A series of policy changes have been announced intended to prevent ambitious and creative people, many of whom received their higher education in the United States, from continuing to leave the country and work abroad—a trend that has created great uncertainty and frustration for employers. The proposed changes will include:

  • Reforms to the Optional Practical Training (OPT) program, which authorizes foreign students before and after graduation from U.S. schools to gain experience through work in their fields. The changes would expand the degree programs eligible for OPT. In addition, they would allow foreign students with degrees in designated science, technology, engineering, and mathematics (STEM) fields who are already eligible for OPT to work for a longer period in the United States.
  • Expanded opportunities for foreign inventors, researchers, and founders of start-up enterprises to conduct research and development and create jobs in the United States.
  • Consolidated guidance to ensure greater consistency in the adjudication of L-1B visas for “intracompany transferees.” These visas allow multinational companies to transfer certain managers, executives, or persons with specialized knowledge in their fields to the United States for a temporary period.
  • Increased flexibility in the rules permitting applicants for employment-based permanent resident status to change jobs (called “porting”), if their applications are stalled due to processing delays.
  • Review of the Department of Labor’s certification process for foreign labor, known as the PERM process.
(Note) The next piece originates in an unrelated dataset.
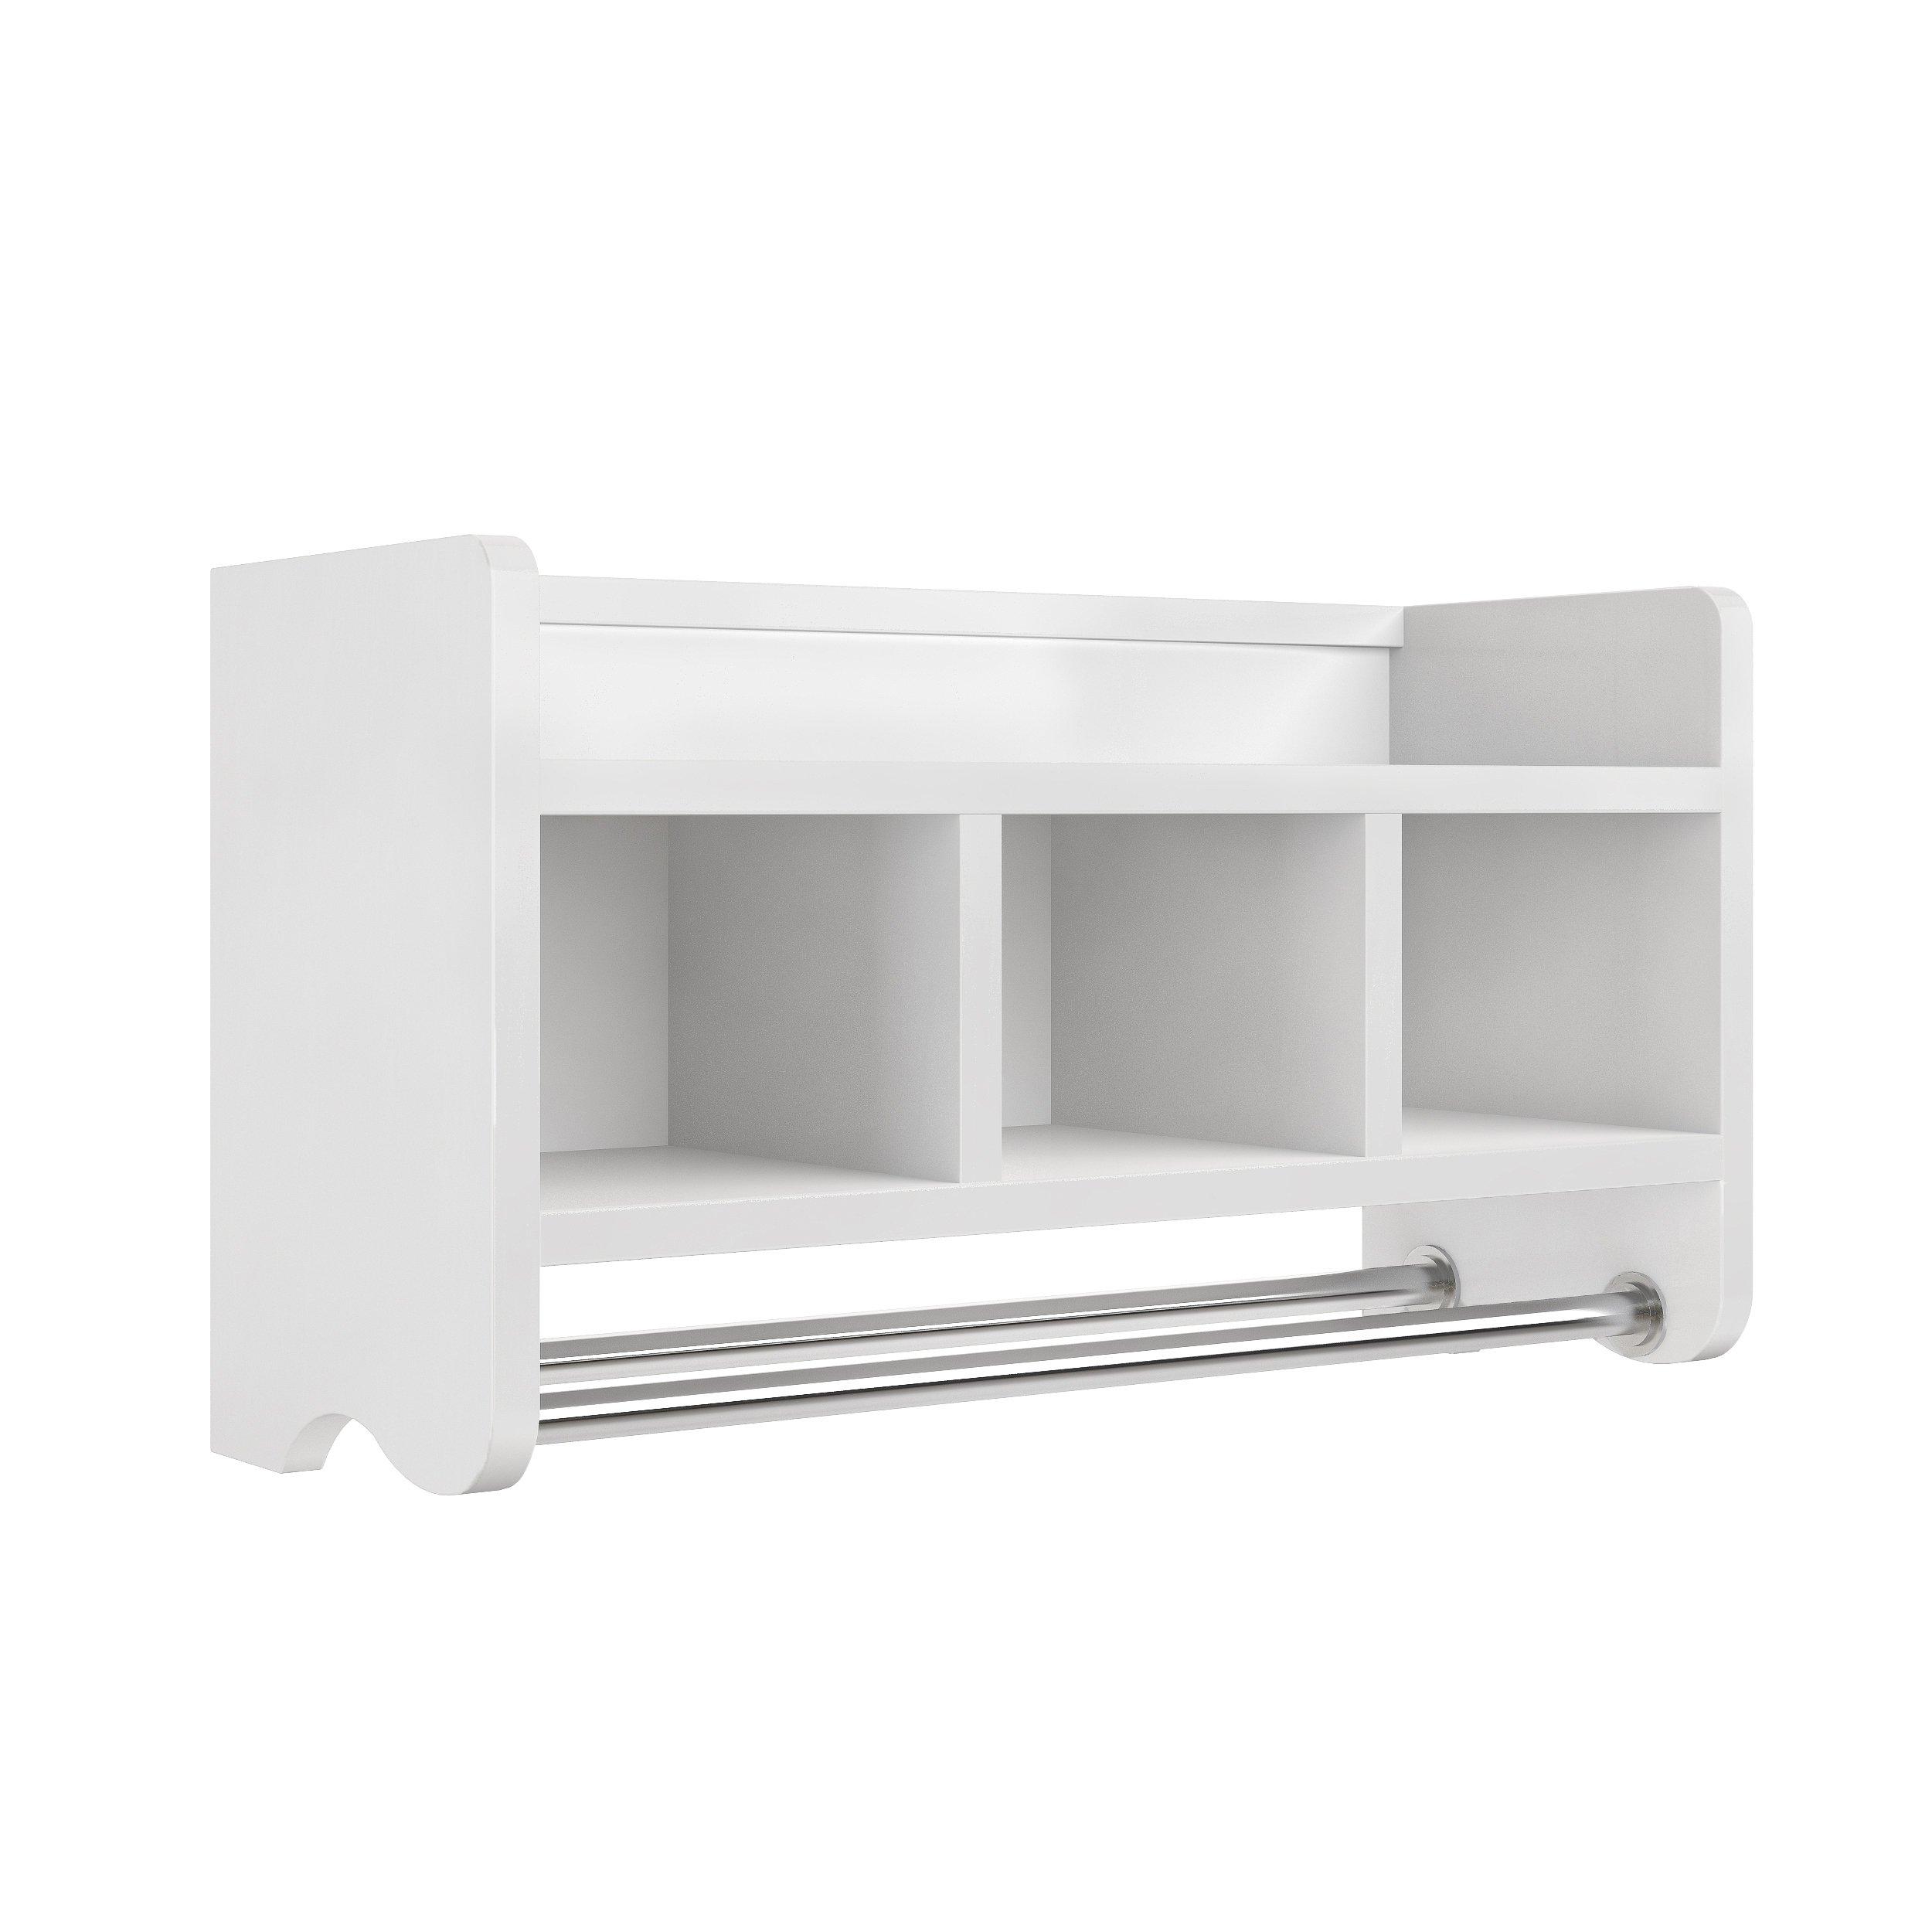 Logan 25'' Bath Storage Shelf with 3 Cubbies and Towel Rod, White

The certification process is an initial step in obtaining employment-based permanent resident status and requires DOL to determine that there are not sufficient U.S. workers for the position and that employment of the foreign worker will not adversely affect U.S. workers.
  • Completing work on current initiatives such as providing employment authorization to certain spouses of foreign workers with H-1B visas (i.e., high-skilled, temporary workers) who have been approved to receive permanent resident status based on employer sponsorship.